:: Task prompt ::
Could you transcribe exactly the lines from the one containing "This week’s America250" through the end of the listing below, both included, but none of the pictures?

[Dataset section — start]

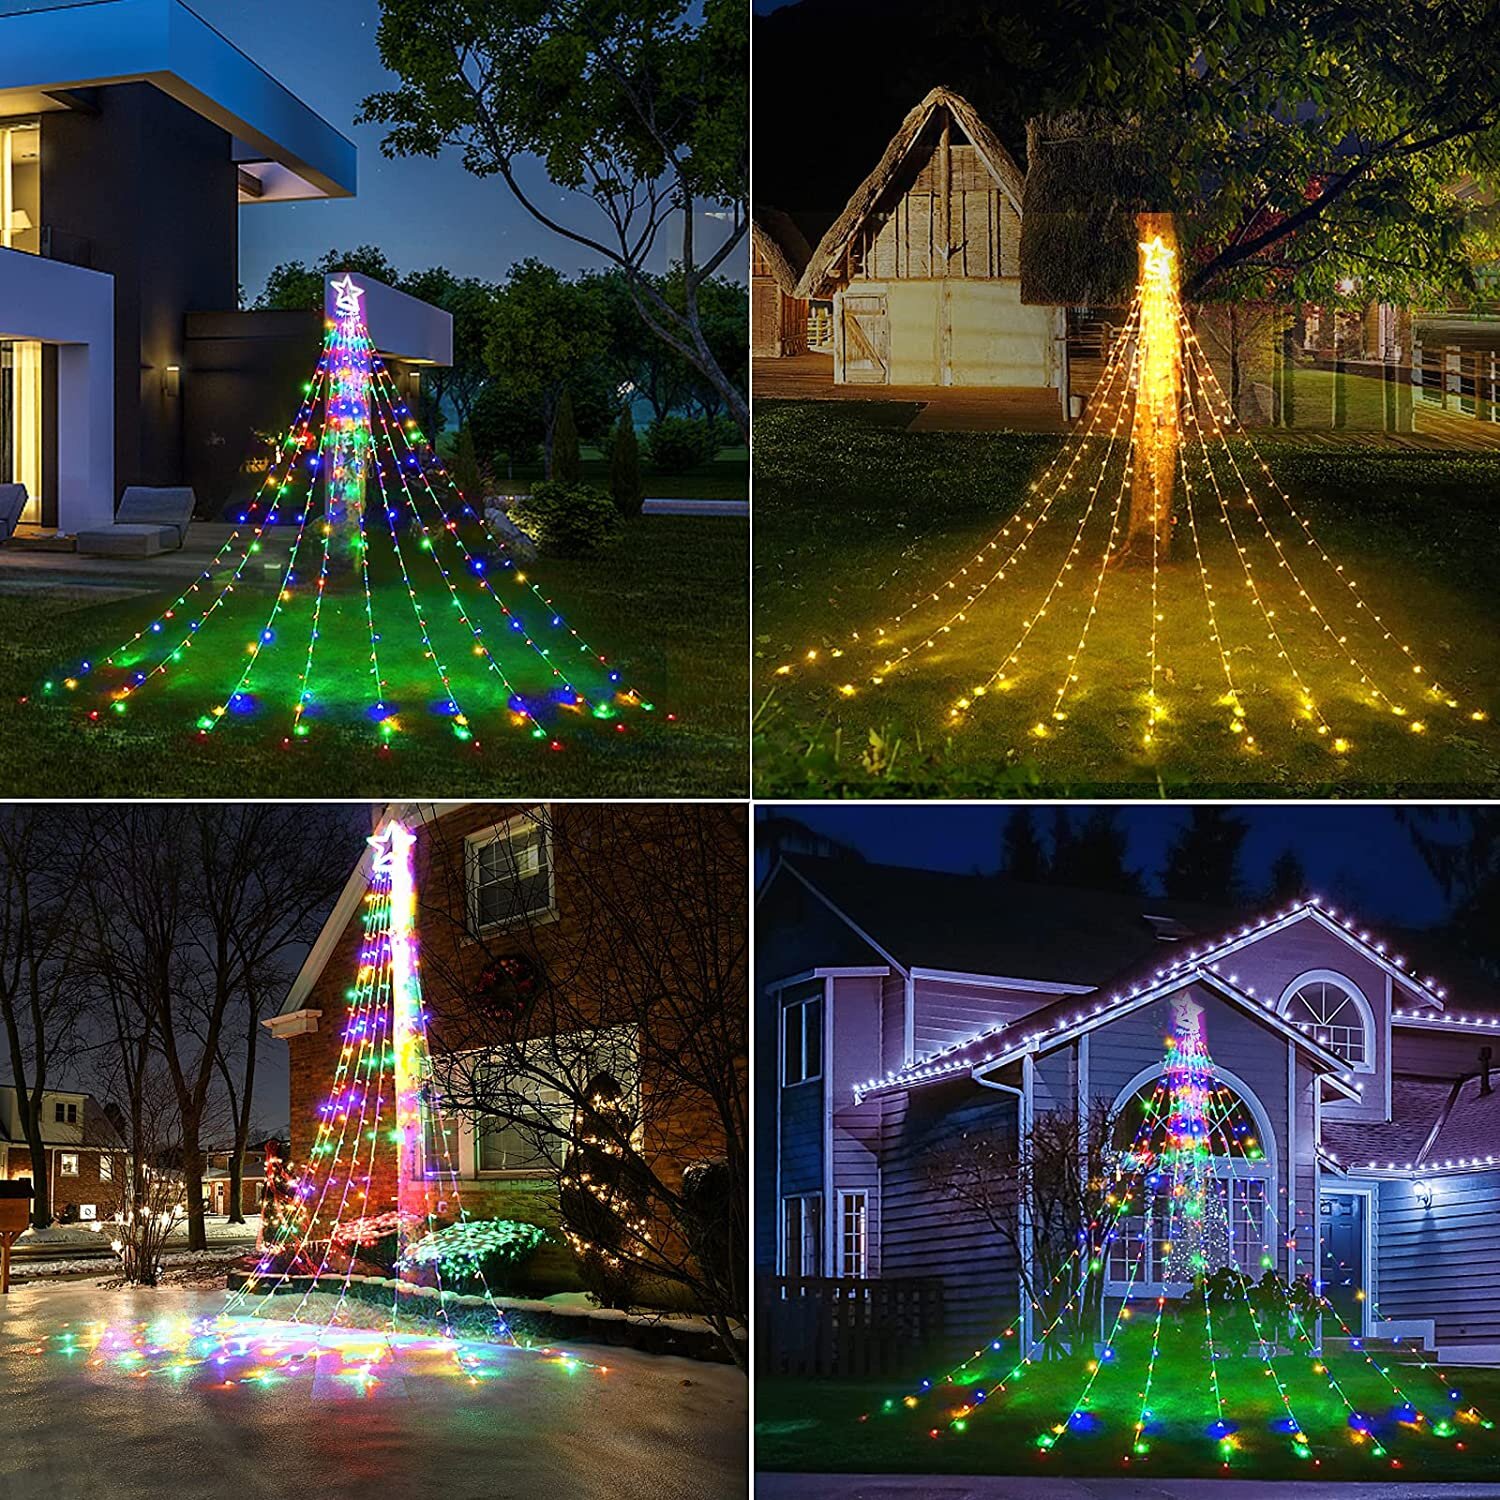 320 LED Fairy String Net Lights Waterproof Garden Party Outdoor Holiday Lighting 
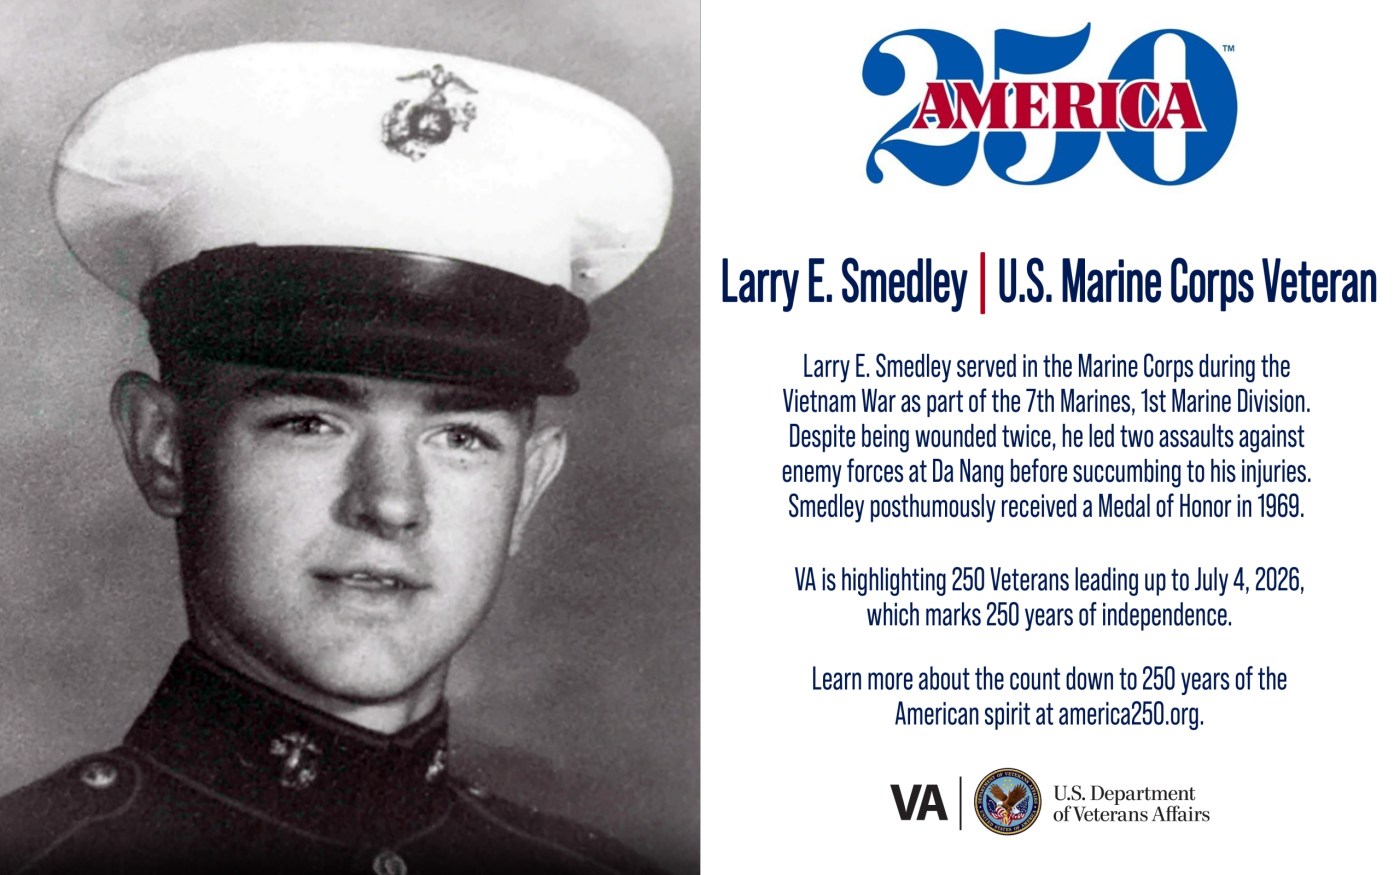 This week’s America250 salute is Marine Corps Veteran Larry E. Smedley, who posthumously received a Medal of Honor for his actions during a battle at Da Nang.
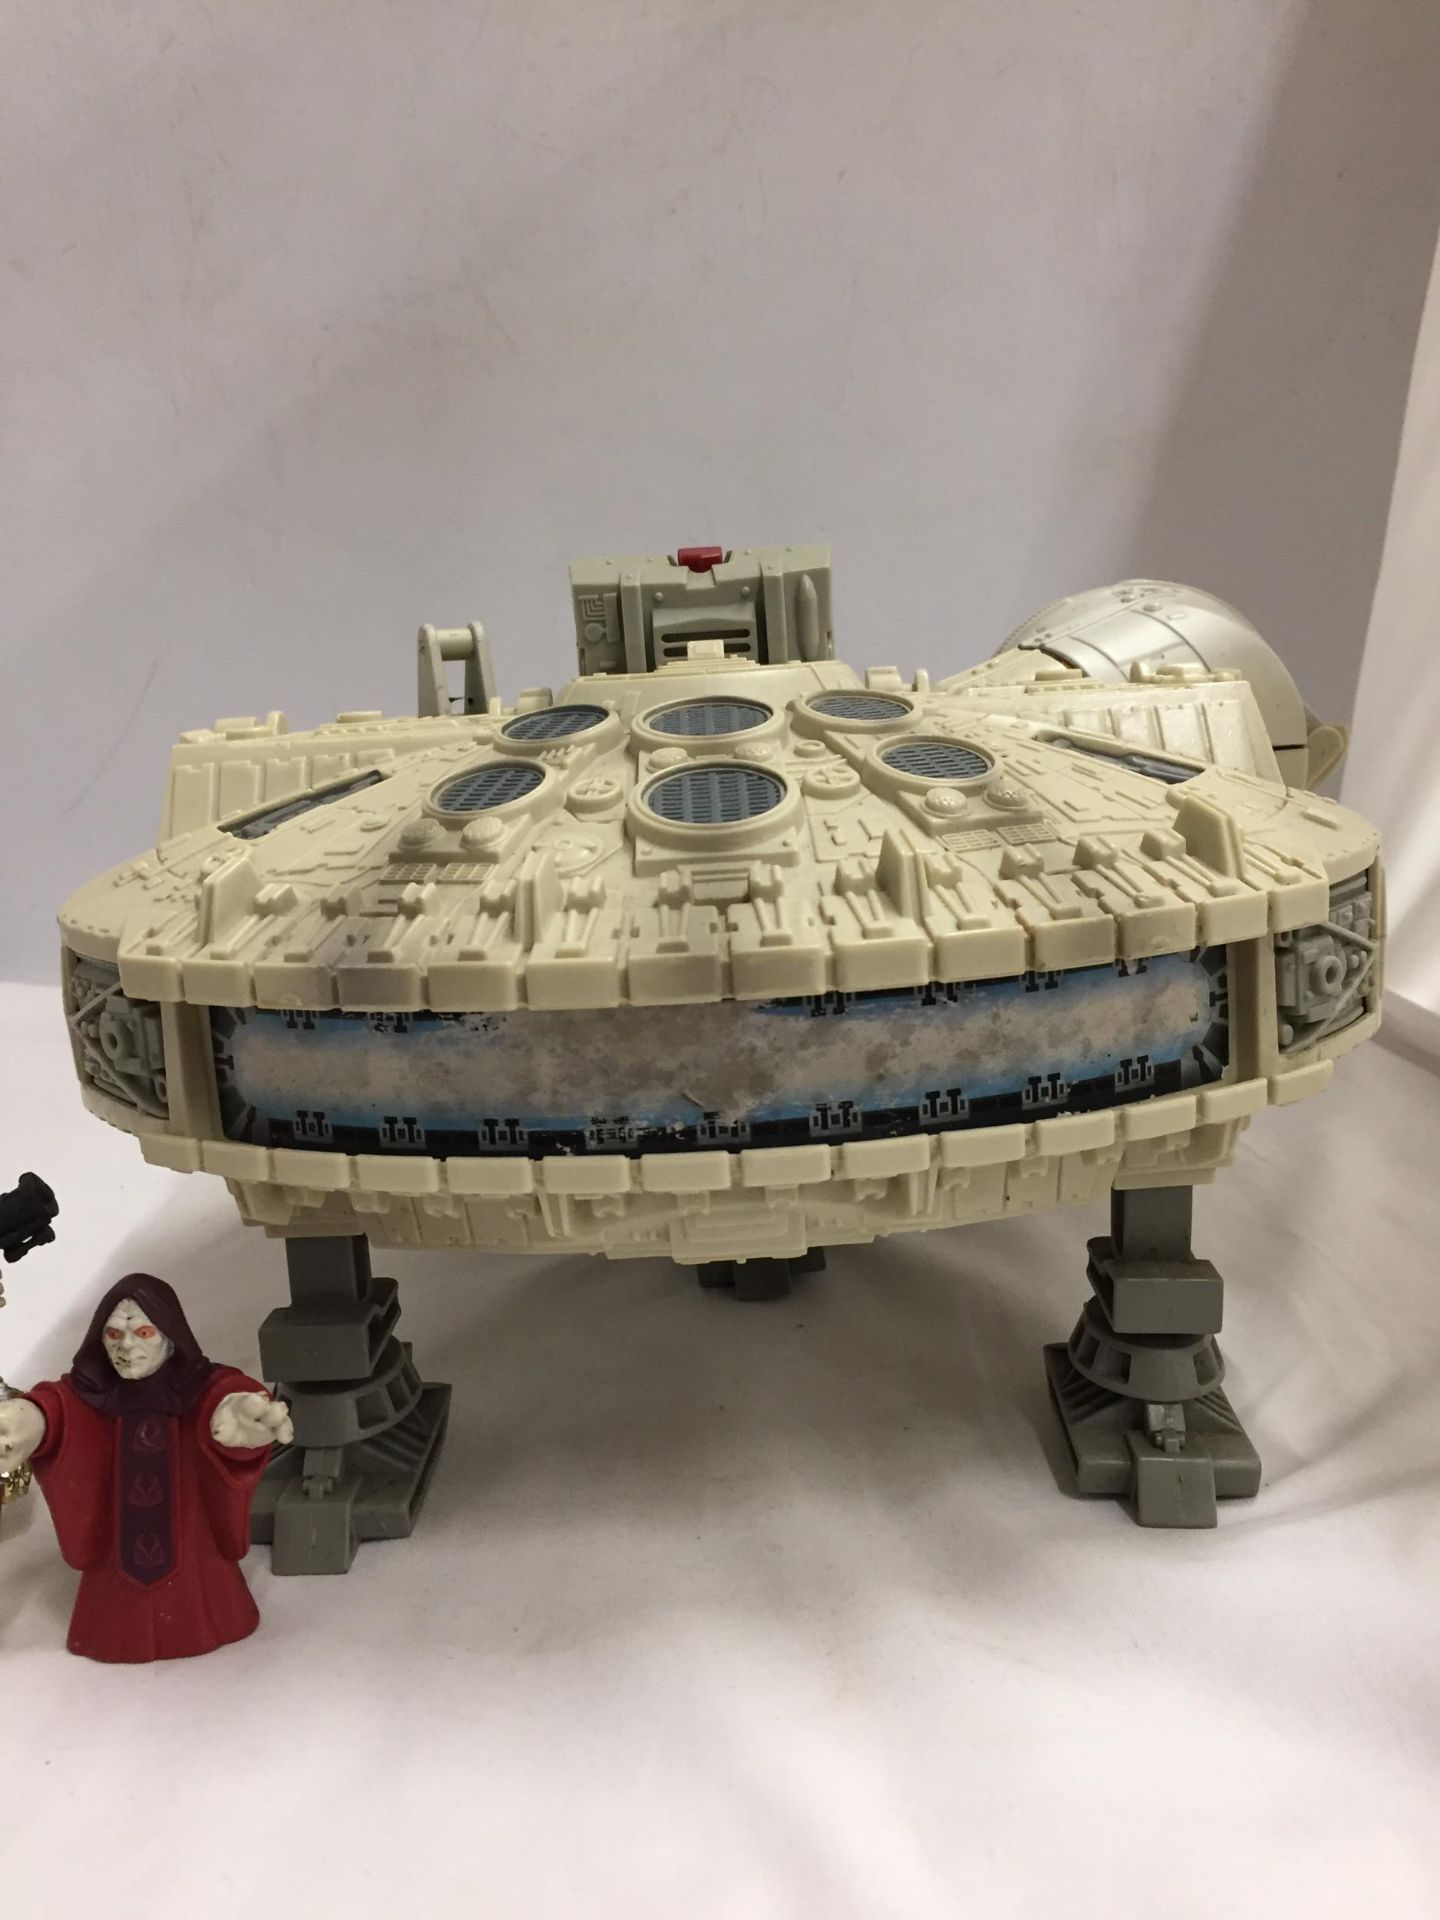 A STAR WARS MILLENIUM FALCON SPACE SHIP WITH FOUR FIGURES - Image 2 of 3

[Dataset section — finish]

:: Task answer ::
 This week’s America250 salute is Marine Corps Veteran Larry E. Smedley, who posthumously received a Medal of Honor for his actions during a battle at Da Nang.
 A STAR WARS MILLENIUM FALCON SPACE SHIP WITH FOUR FIGURES - Image 2 of 3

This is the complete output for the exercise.